In Baidoa, where MSF runs 20 mobile nutrition clinics and has 32 nutrition monitoring sites, medical teams treated more than 12,000 malnourished children in the first eight months of this year. In August—just in one week—teams screened 955 children and admitted 761 to the nutrition program, most of them from newly displaced families. MSF teams continue to treat approximately 500 acutely malnourished children per week.

3. Drought and malnutrition intensify an already dire health situation

Multi-seasonal drought has worsened the nutrition situation for people, but the protracted humanitarian crisis is continually driven by multiple factors. These include Baidoa’s health care system struggling to provide for the additional hundreds of thousands of displaced people. Long-standing conflict, inadequate humanitarian response, climate impacts, and rising food and fuel prices also contribute to difficult situations for people.

Mobile Nutrition Clinic - Baidoa
Aisha Adan arrived at Gooyale camp for internally displaced people in Baidoa after fleeing her rural village due to a drought that swept away her livestock and crops. Aisha brought her daughter, Ruweyda Mohamed, to Elbet nutrition mobile clinic, where she was found to be severely malnourished. Somalia 2022 © Marian Isak/MSF

4. There’s a vicious cycle of malnutrition and deadly diseases

Malnutrition is exacerbated by infectious diseases like measles and cholera; a malnourished person is more susceptible to infection, and infection contributes to malnutrition.

Measles is endemic in Somalia, but in just the first six months of 2022, the country has reported double the number of measles cases for the whole of 2021. Between January and August 2022, MSF has admitted more than 5,460 children with measles in all of its facilities in Somalia. In Baidoa, there is a new wave of measles. Approximately 30 percent of children MSF teams treat are older than age five and most are from newly arrived families.

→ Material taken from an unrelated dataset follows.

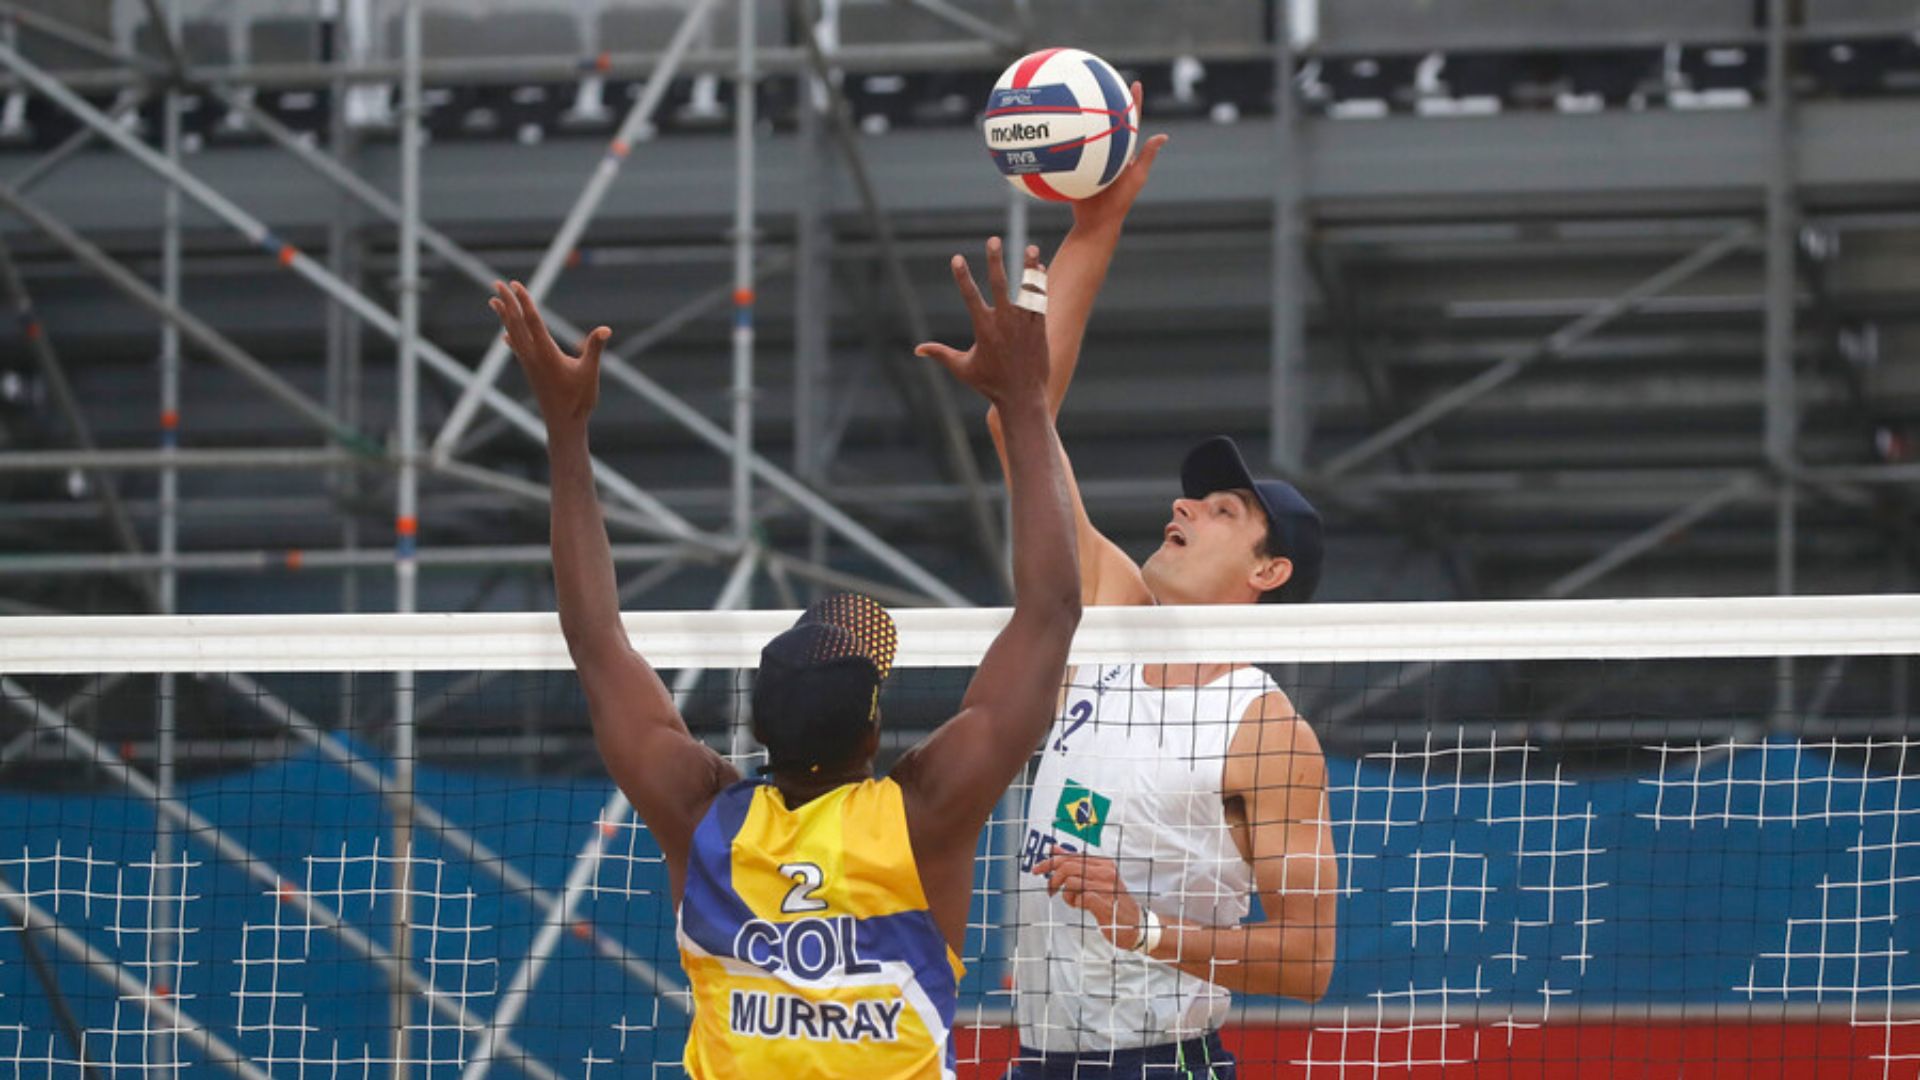 Brasileños Loyola y Souto siguen imparables en el vóleibol playa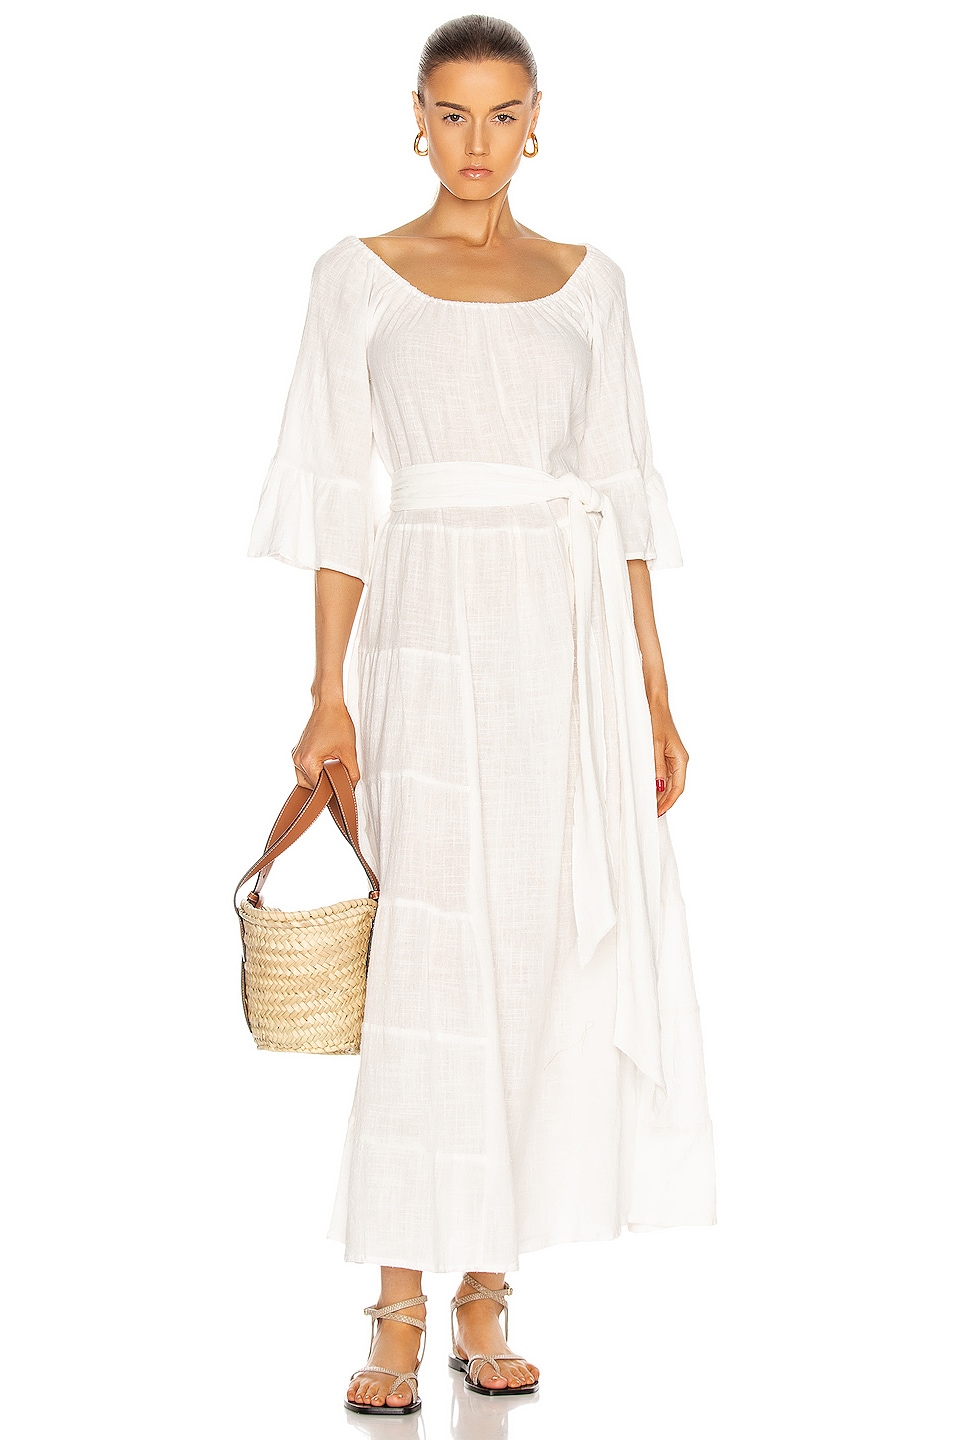 Image 1 of Natalie Martin Mesa Maxi Dress in White Cotton Gauze

In April, a cholera outbreak started in Baidoa. Between May and August, MSF recorded 14,112 cholera patients at 15 oral rehydration points, and 989 were admitted to its cholera treatment center.

In order to prevent the disease’s spread where displaced people have settled, MSF carried out water trucking, chlorination, and borehole drilling to increase access to clean water. Teams also built 344 latrines, conducted health education activities, and distributed essential items like soap and water jerrycans to 3,700 households.

5. A swift, sustained, and broad response can save more lives

Working in Somalia, conflict and insecurity remains an issue. Many places are difficult to access where people may be severely affected by the drought and where disease outbreaks and malnutrition are extremely likely.

It is crucial to meet medical needs as part of the humanitarian response to this crisis and include integrated nutrition programs, measles vaccinations, oral cholera vaccination, and community water and sanitation measures.